RELEASE 2.0!
Get reminded of the absolute worst passwords using the @WorstPasswords twitter account!
- More accurate!
- More inclusive!
- Includes analysis!
- Never needs winding!
- Non-Iron!
- Completely Overhauled!
Tasklist for 2.0 Included:
- Acquire more source files for larger corpus and more accurate results
- Include Non-ASCII Characters
- Acquire higher-quality sources, with fewer non-password results.
- Avoid duplicate lines
- Include Analysis with Version Release
- Include HashCat Ruleset
More Sources, Larger Corpus, More Accurate Results and Higher-Quality Sources
Release one used about 300 files. I did not filter them very well. Some "password" wordlists contained non-password lines. This time, I pulled out all the md5 and SHA1 hashes that had somehow weaseled their way in, removed files that contained nothing but lists of things like cartoon characters and made sure the lists were as pure as possible.
Release two uses over 1500 files.

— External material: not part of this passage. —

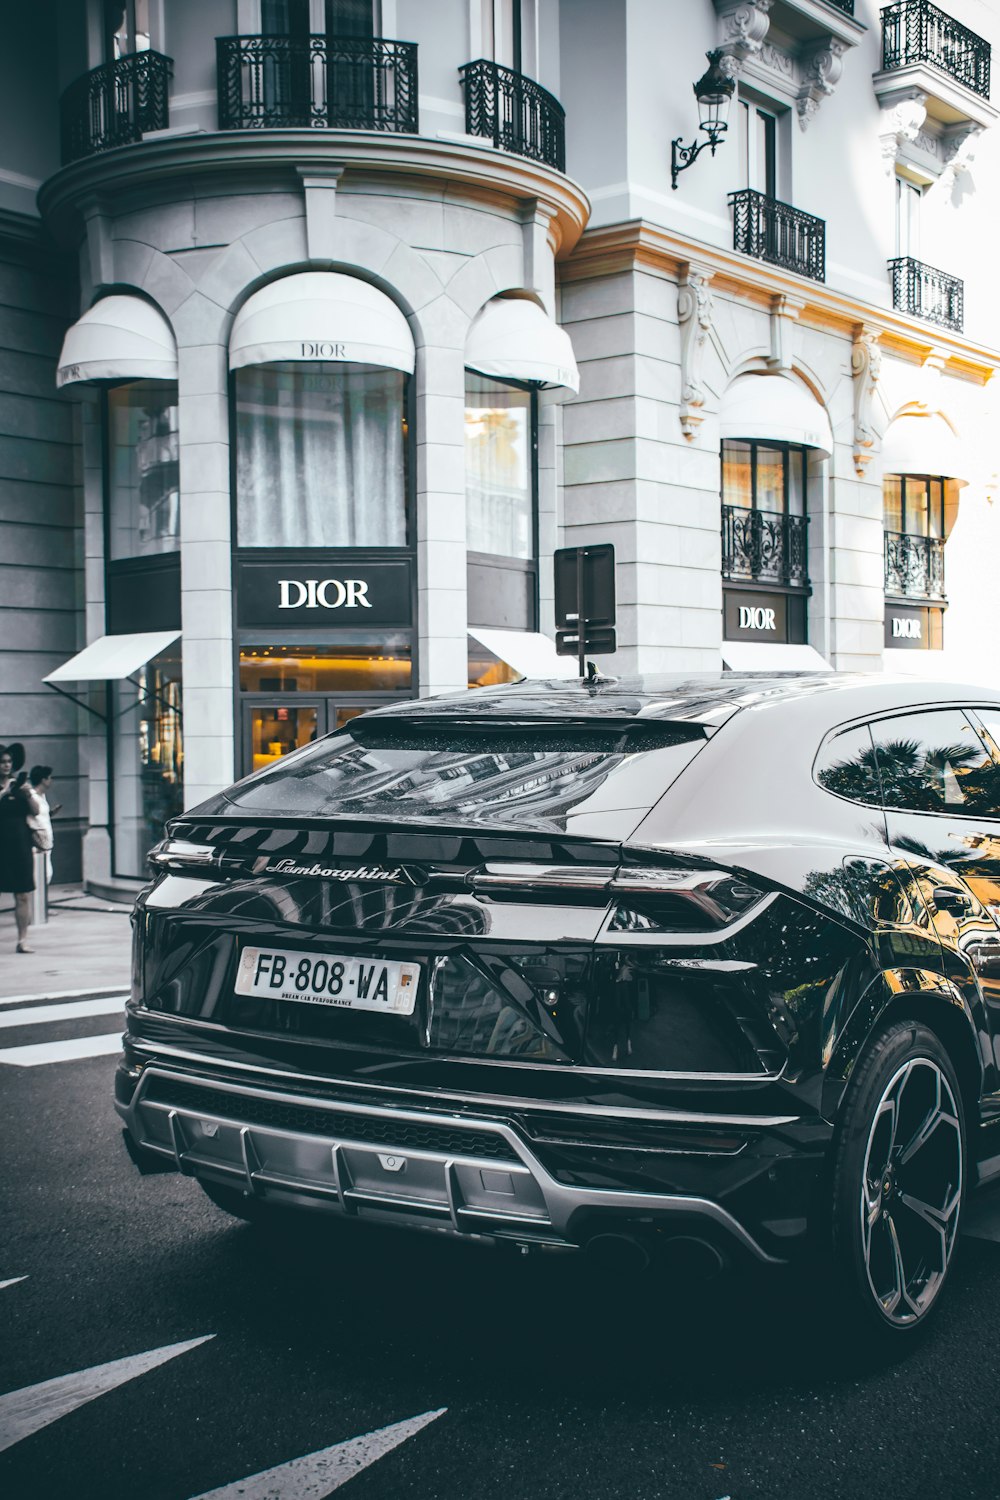 ディオールの店舗を横切る黒い車の写真

I attempted to clean each one, which in some cases required a judgement call on my end.
V1 Popularity was determined by appearances in as few as 2 files. Since some lists are compilations of smaller lists, this resulted in some lines that really appeared only once to make the cut. More files allowed me to raise the minimum threshold to 5 appearances.
Duplicate Lines
Duplicates in Release one were caused by a mismatch of newline characters. Not this time. Every single processing step included a tr -d '\r'
step. I wasn't going to have them slip in.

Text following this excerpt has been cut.